Григорович Дмитрий Васильевич (1822—1900) — русский писатель, автор получивших широкую известность повестей ‘Деревня’ (1846) и ‘Антон-Горемыка’ (1847).
Потапенко Игнатий Николаевич (1856—1929) — русский писатель, модный в 90-е годы и чрезвычайно плодовитый беллетрист.
…к маркизе д’Обервиль в драме ‘Две сиротки’. ‘Две сиротки’ (1874) — мелодрама французских писателей А. Деннери и Е. Кормон.
‘Спорный вопрос’ (1893) — пьеса В.А. Александрова.
…большой бронзовый бюст Тургенева… Ей вон какие свои восторги выражали. — И.С. Тургенева и Савину связывали особые дружеские отношения. Писатель был покорен талантом актрисы и влюблен в нее (См. Тургенев и Савина. Письма И.С. Тургенева к М.Г. Савиной. Воспоминания М.Г. Савиной об И.С. Тургеневе. Пг., 1918).
…в который раз играет ‘Татьяну Репину’… ‘Татьяна Репина’ (1887) — пьеса A.C. Суворина. Савина впервые исполнила роль Татьяны 11 декабря 1888 г., выступала в ней до 1909 г.
В Полтаве, где после Карла XII— Войска шведского короля Карла XII (1682—1718) потерпели поражение в Полтавской битве в 1709 г.

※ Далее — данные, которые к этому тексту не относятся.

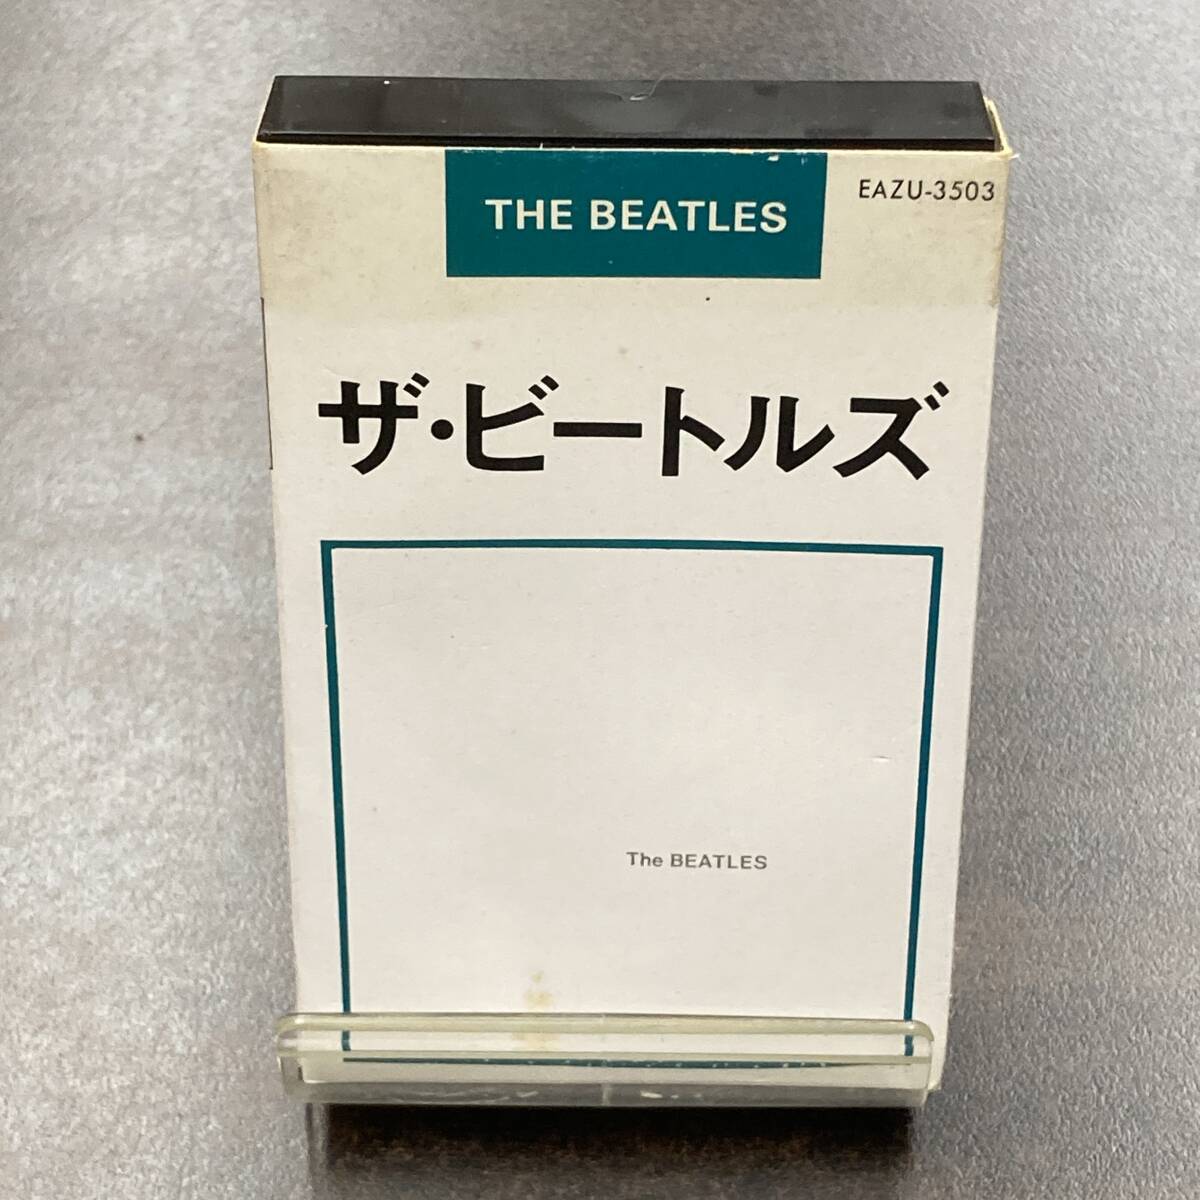 1129M The * Beatles The * Beatles THE BEATLES cassette tape / THE BEATLES Cassette Tape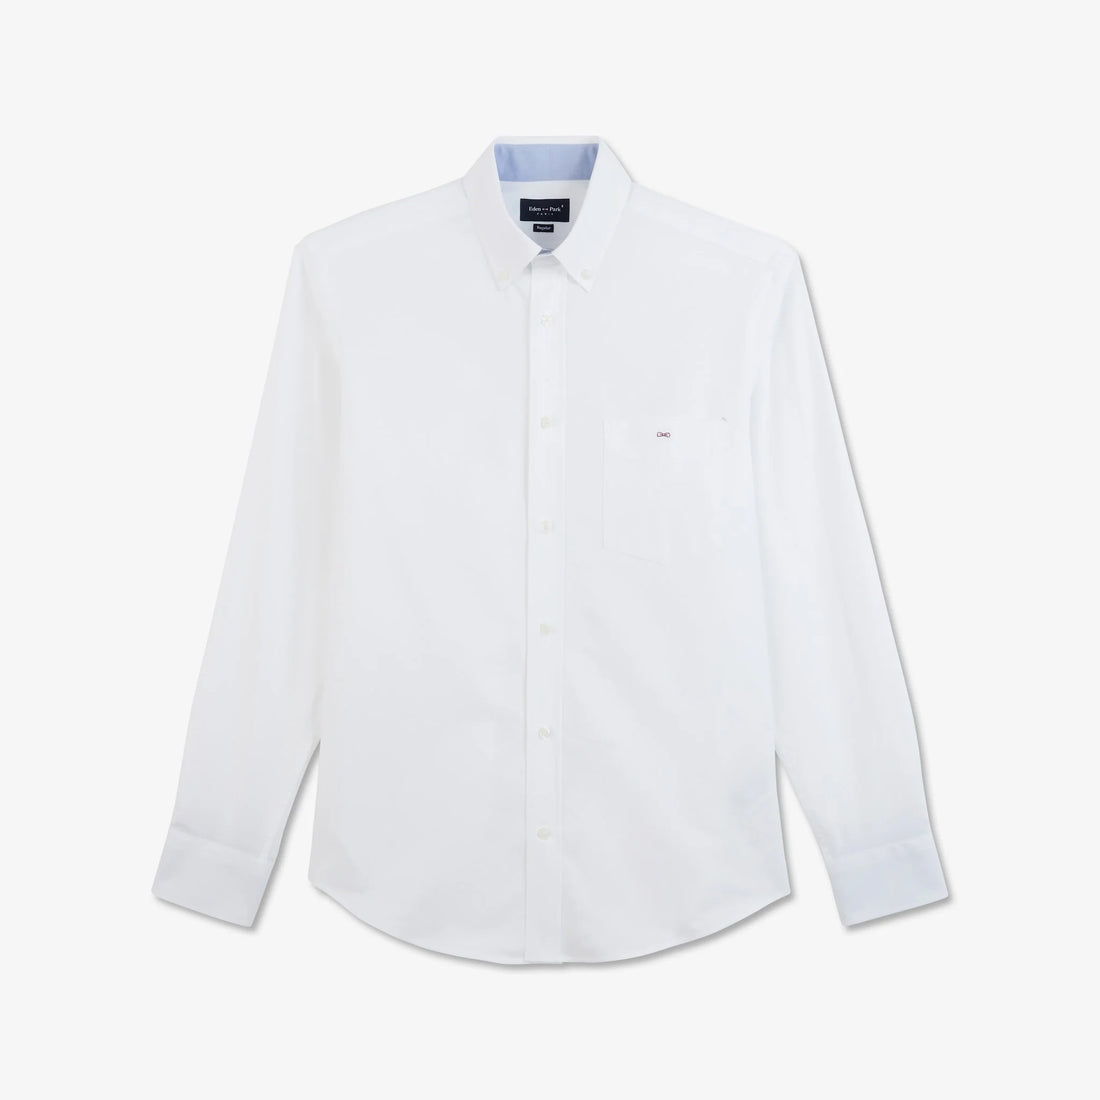 plain-white-cotton-shirt_ppshiche0020_bc_02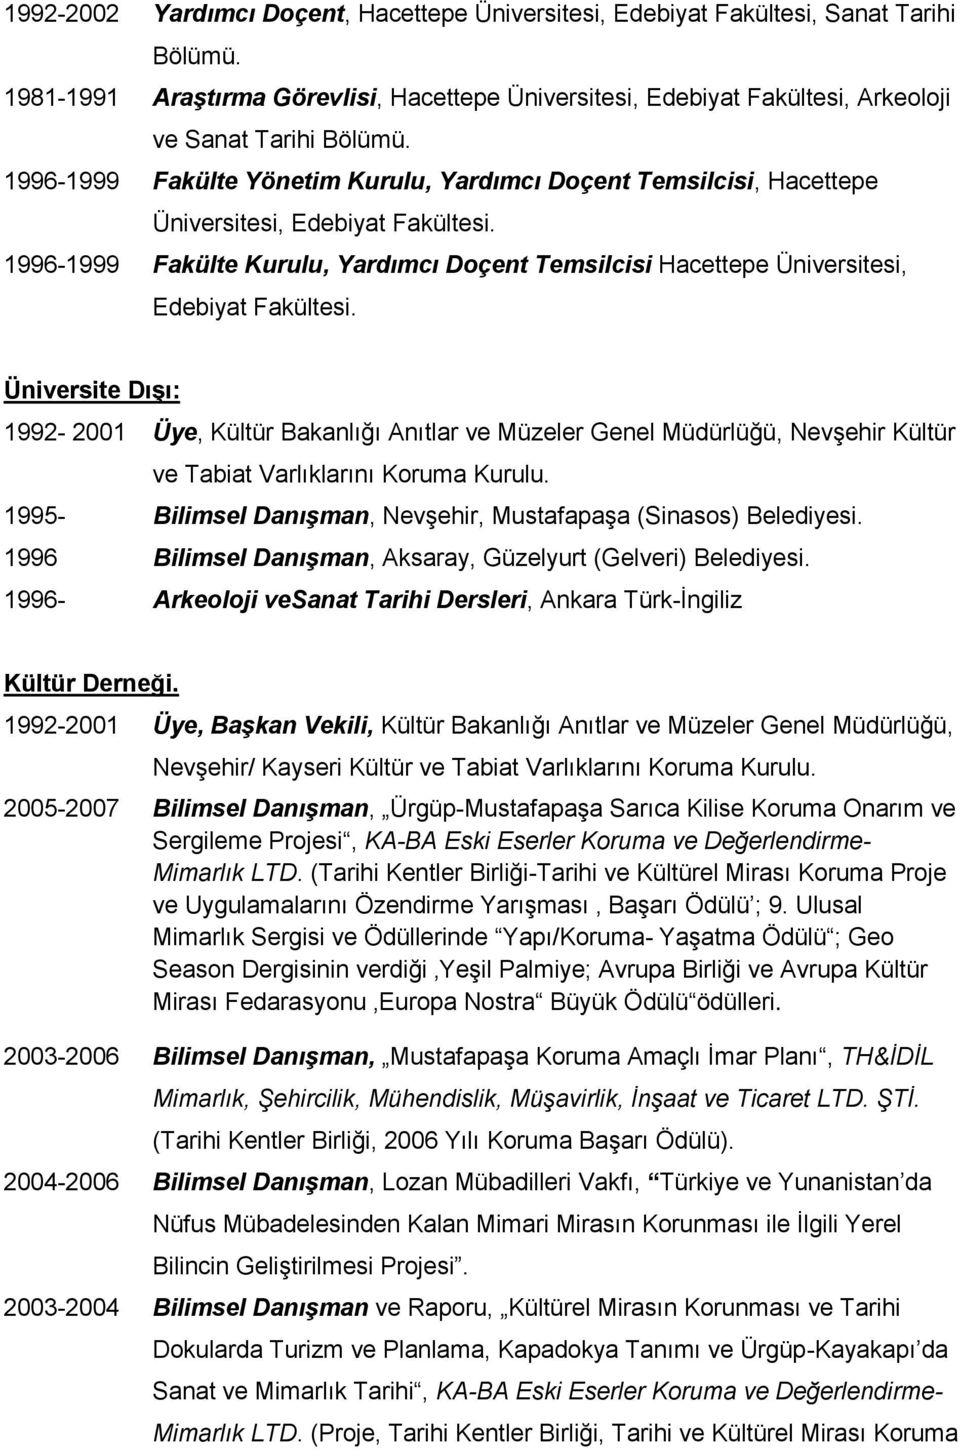 1996-1999 Fakülte Kurulu, Yardımcı Doçent Temsilcisi Hacettepe Üniversitesi, Edebiyat Fakültesi.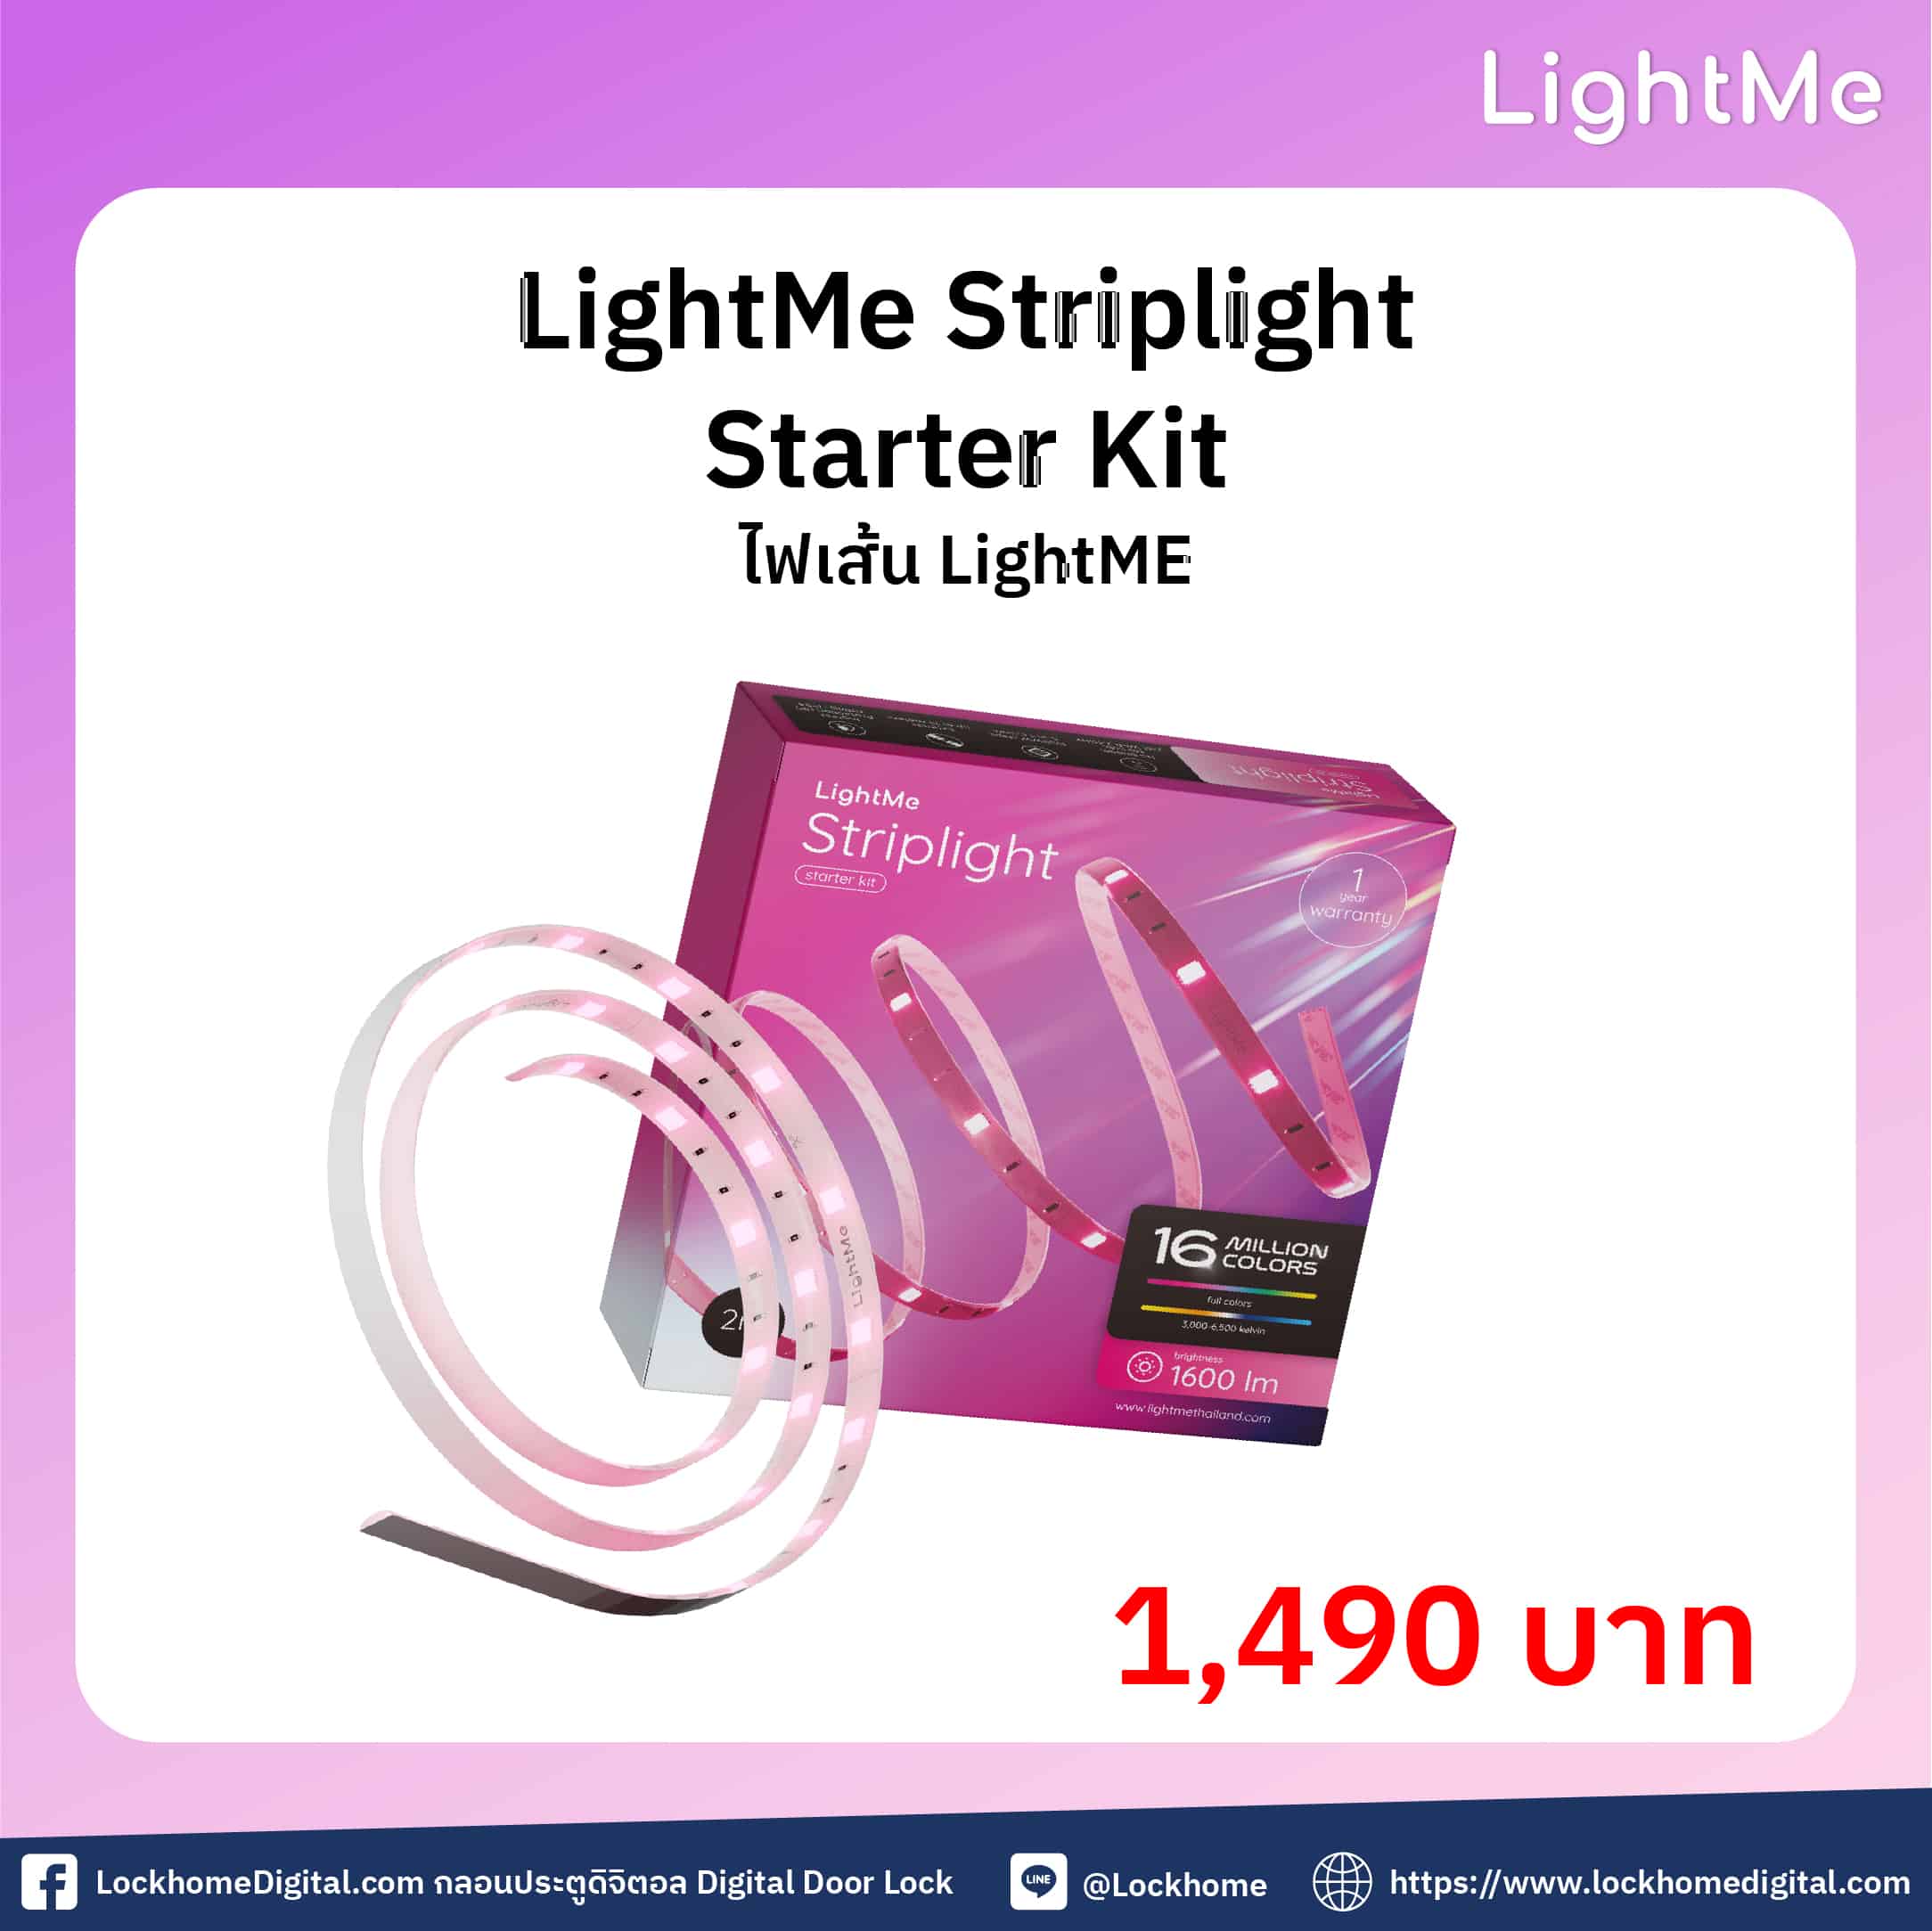 LightMe Striplight Starter Kit

…Барнай, Элеонора Дузэ, Эмануэль, и только великая артистка Гарриет в оперетке ‘Бедный Ионафан’… Барнай Людвиг (1842—1924) — немецкий актер и театральный деятель, для его игры была характерна подчеркнутая патетика. Гастролировал в Москве в 1885—1886 гг. Дузе Элеонора (1858—1924) — популярная итальянская актриса, ее искусство отличалось тонким психологизмом. Гастролировала в России в 1891 и 1908 гг. Эмануэль Джованни (1848—1902) — итальянский актер-трагик, в 1893 г. гастролировал в России. Гарриет — персонаж комической оперы ‘Бедный Ионафан’ австрийского композитора К. Миллекера (1842—1899).